However, once I reach the step to flash the device, I choose option 5 - Manual setup of Jetson TX2, choose preconfig, and the SDK installer does not find the device, saying:
error: Could not detect correct NVIDIA Jetson device connected to USB. Verify that:
1. The device is connected to this host machine with a USB cable.
2. Correct target is selected in STEP 1. This can be validated by running the lsusb command on your host, and look for (NVIDIA Corp).
What could be the problem here? Any advice would be appreciated.

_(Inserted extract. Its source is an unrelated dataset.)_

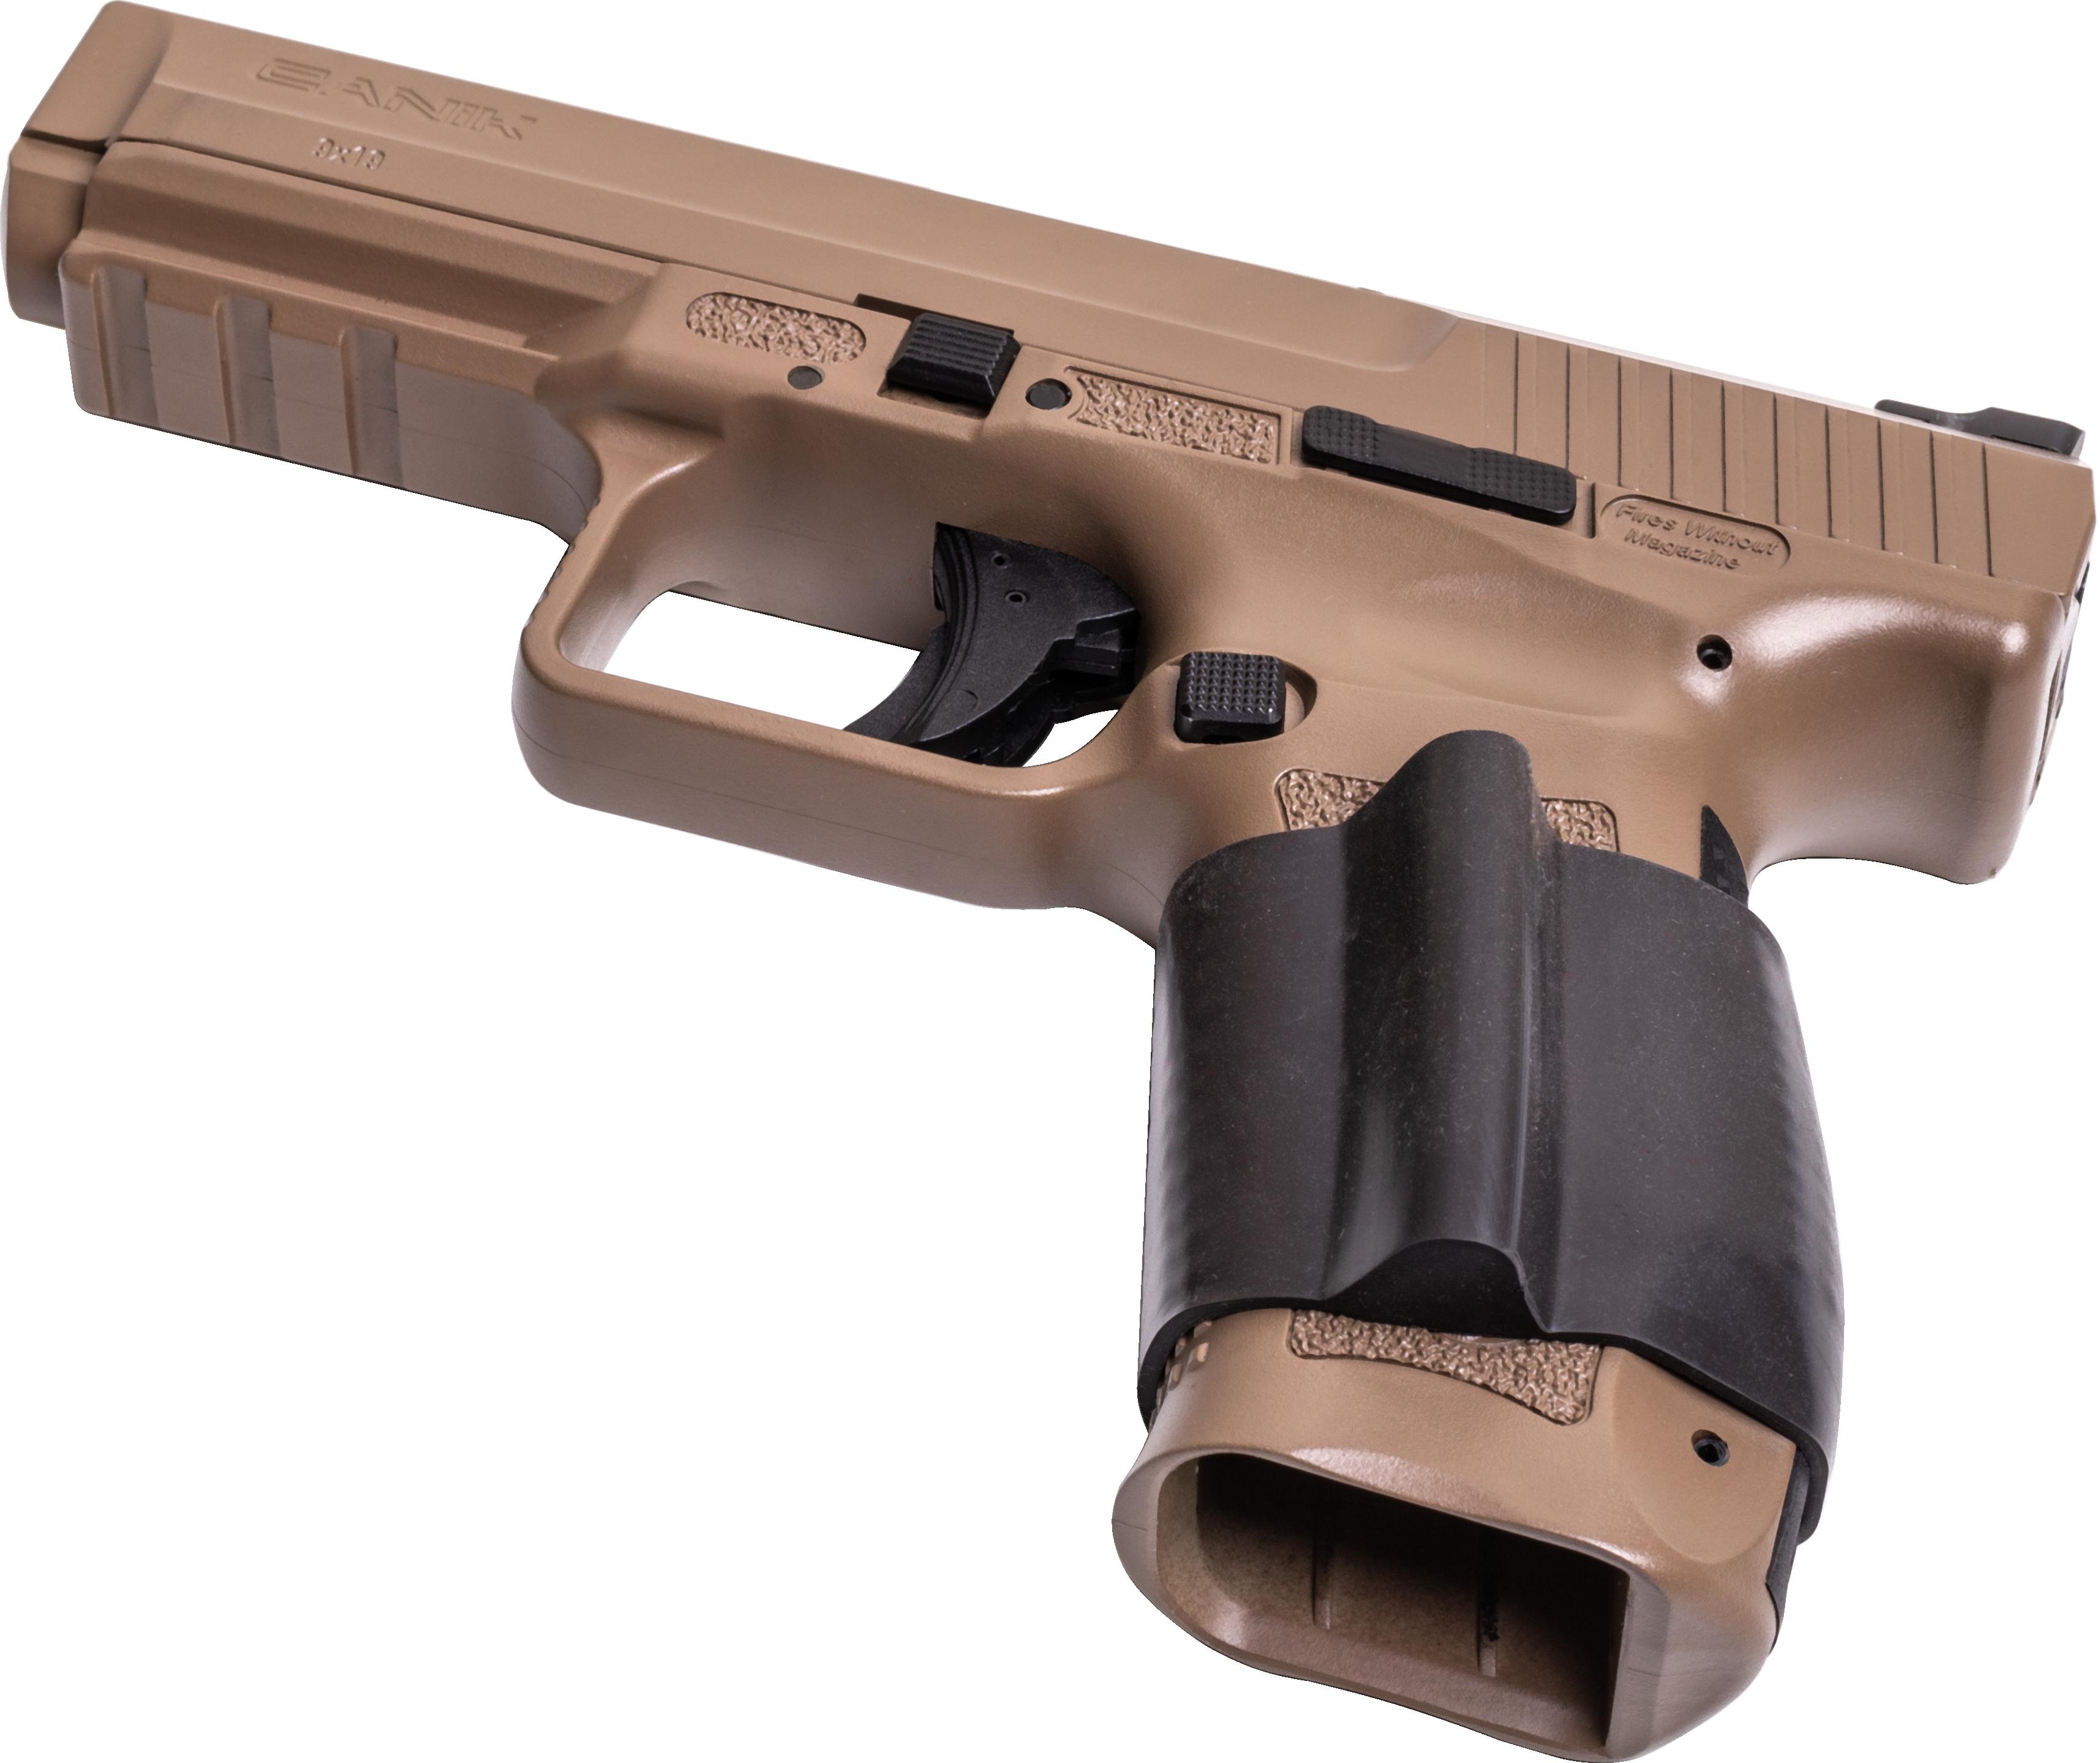 Medium-Large Frame Pistols - Support Hand Grip Assist Sleeve

When your Jetson TX2 is connected and is in recovery mode, what is the exact output of the lsusb command? We need to know the recovery mode id for more investigation.
I fixed my issue by using Ubuntu 18.04 instead of Debian - this notably changed the name of the Jetson in lsusb from the above to just NVidia Corp. From here, I used the debian package for the SDK and completed flashing the OS image through the GUI (on Debian I used the docker installation). I’m now facing an issue with installing the Jetpack SDK which I’ll explain in a separate thread.

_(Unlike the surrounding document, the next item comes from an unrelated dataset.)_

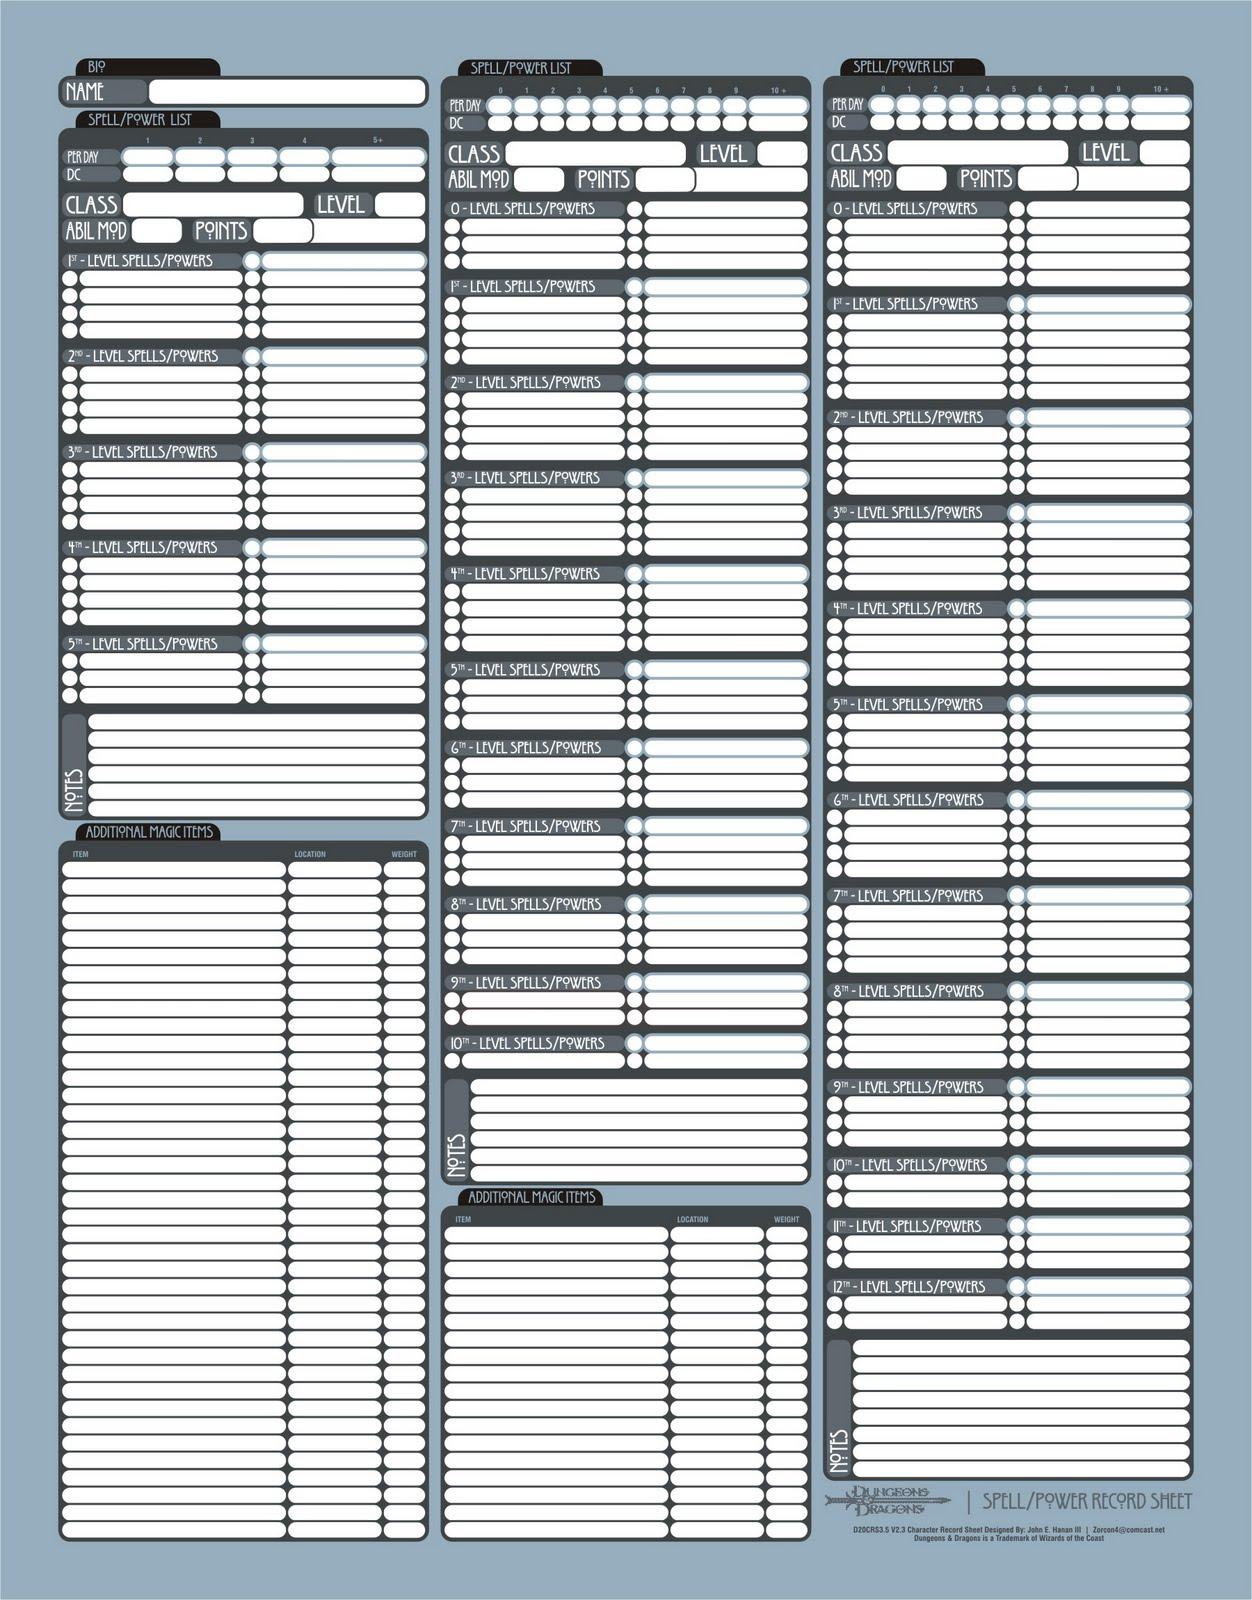 dnd handbook 3.5 pdf

Well, that wasn’t my experience - flashing was pretty straightforward after using the Ubuntu 18.04 distro instead of Debian. And installing the SDK was also simple, since I just plugged it into an ethernet port, got its IP address, and didn’t have any issues after that.
I’ll also add that the GUI sdk manager was also more convenient to use, since the CLI would “forget” it had installed the host/target components if I reran the sdk manager.
WSL2 lacks loopback. If you already had an image, then you won’t notice this. However, loopback is used to generate an image. My understanding is that there is some required step to add loopback to WSL2, and it isn’t necessarily simple. What did you do to add loopback? Or did you already have a rootfs image?